* **Directions for this task**
What you return should match the data below exactly, with no pictures in it.

* **Supplied information**
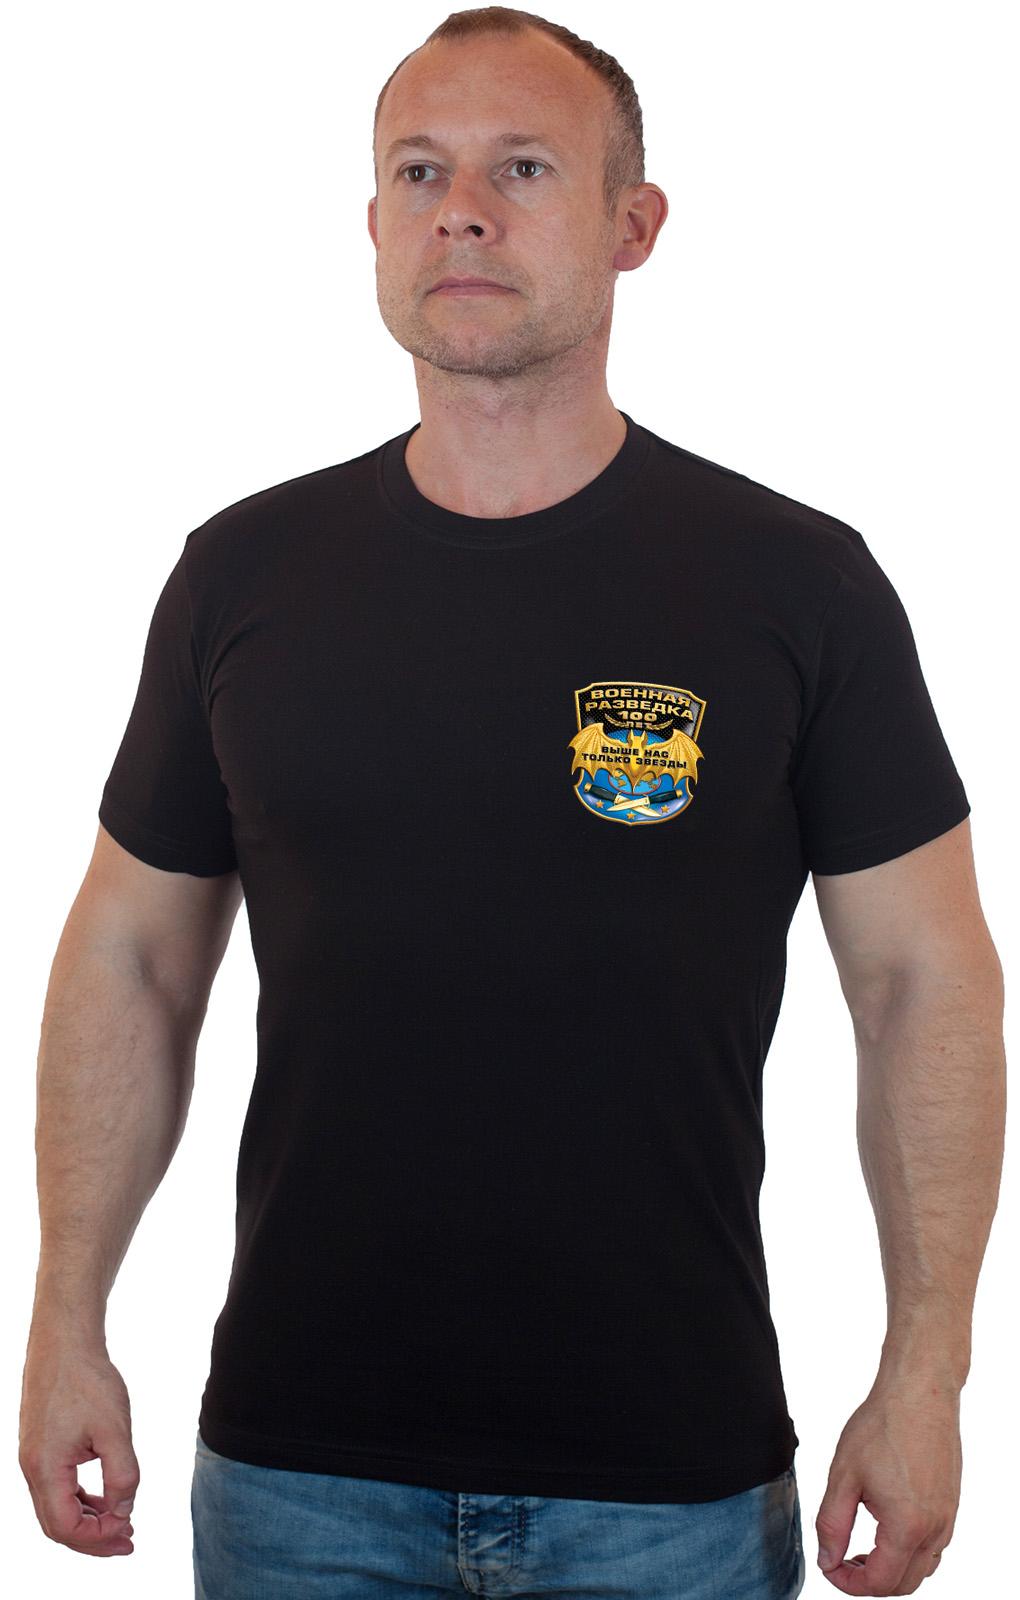 Заказать футболку военную Разведке 100 лет по привлекательной цене
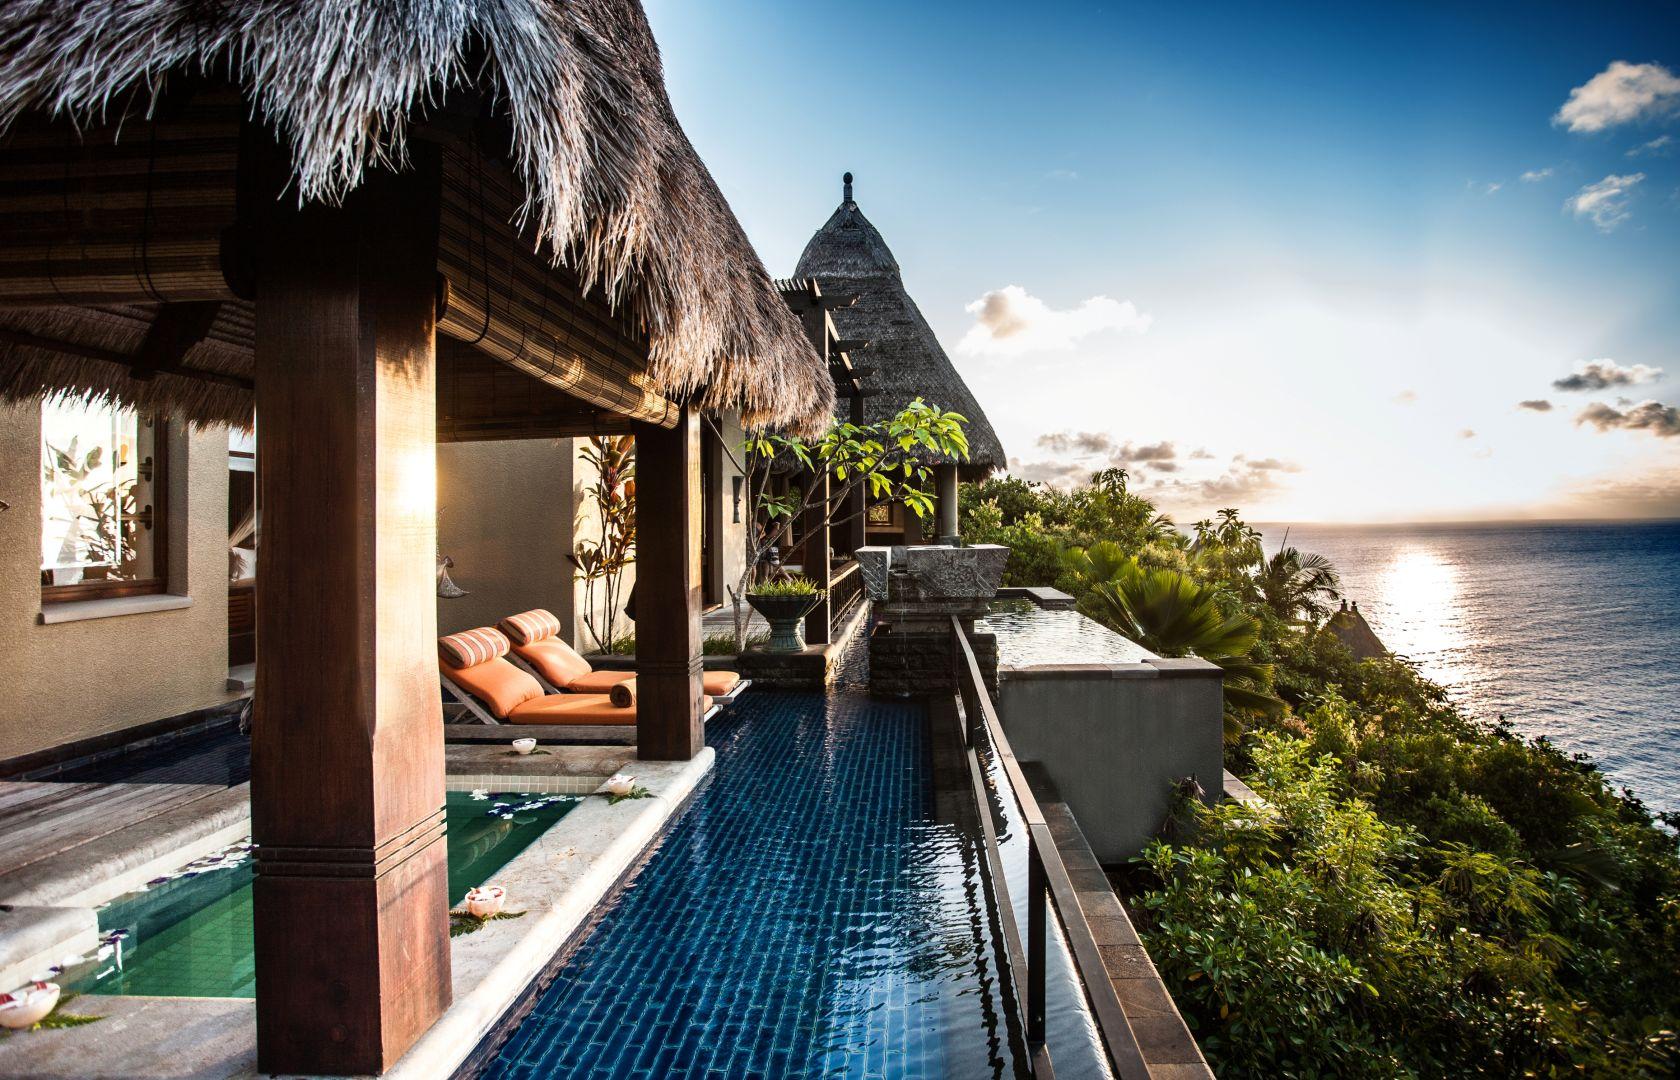 voyage de luxe le maia - seychelles
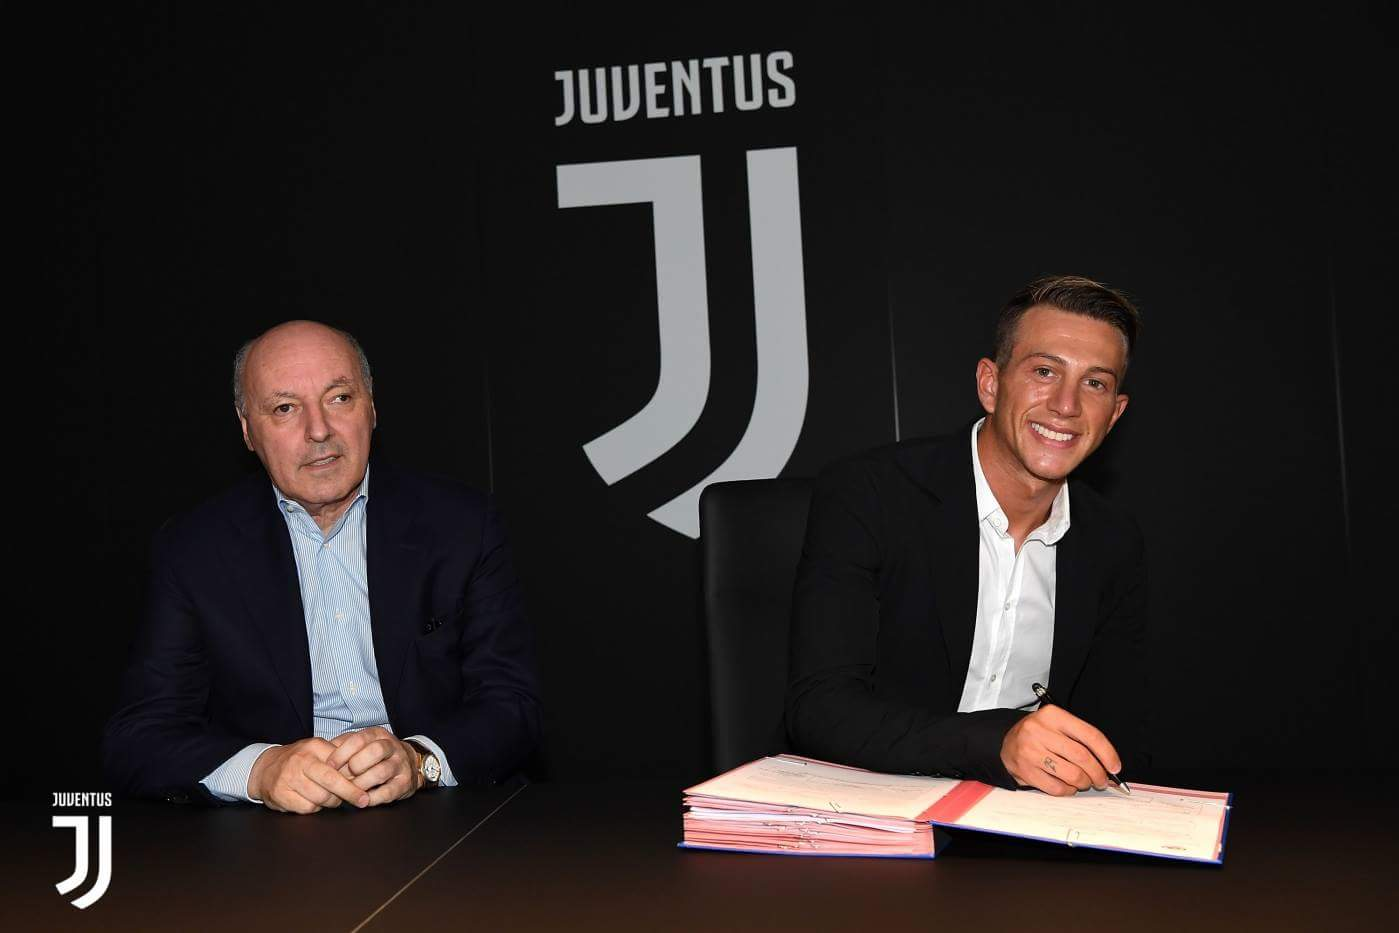 Il probabile undici della Juventus: Buffon lascia spazio a Szczesny, il grande ex Bernardeschi dovrebbe partire titolare

* **Task output**
 Заказать футболку военную Разведке 100 лет по привлекательной цене
 voyage de luxe le maia - seychelles
 Il probabile undici della Juventus: Buffon lascia spazio a Szczesny, il grande ex Bernardeschi dovrebbe partire titolare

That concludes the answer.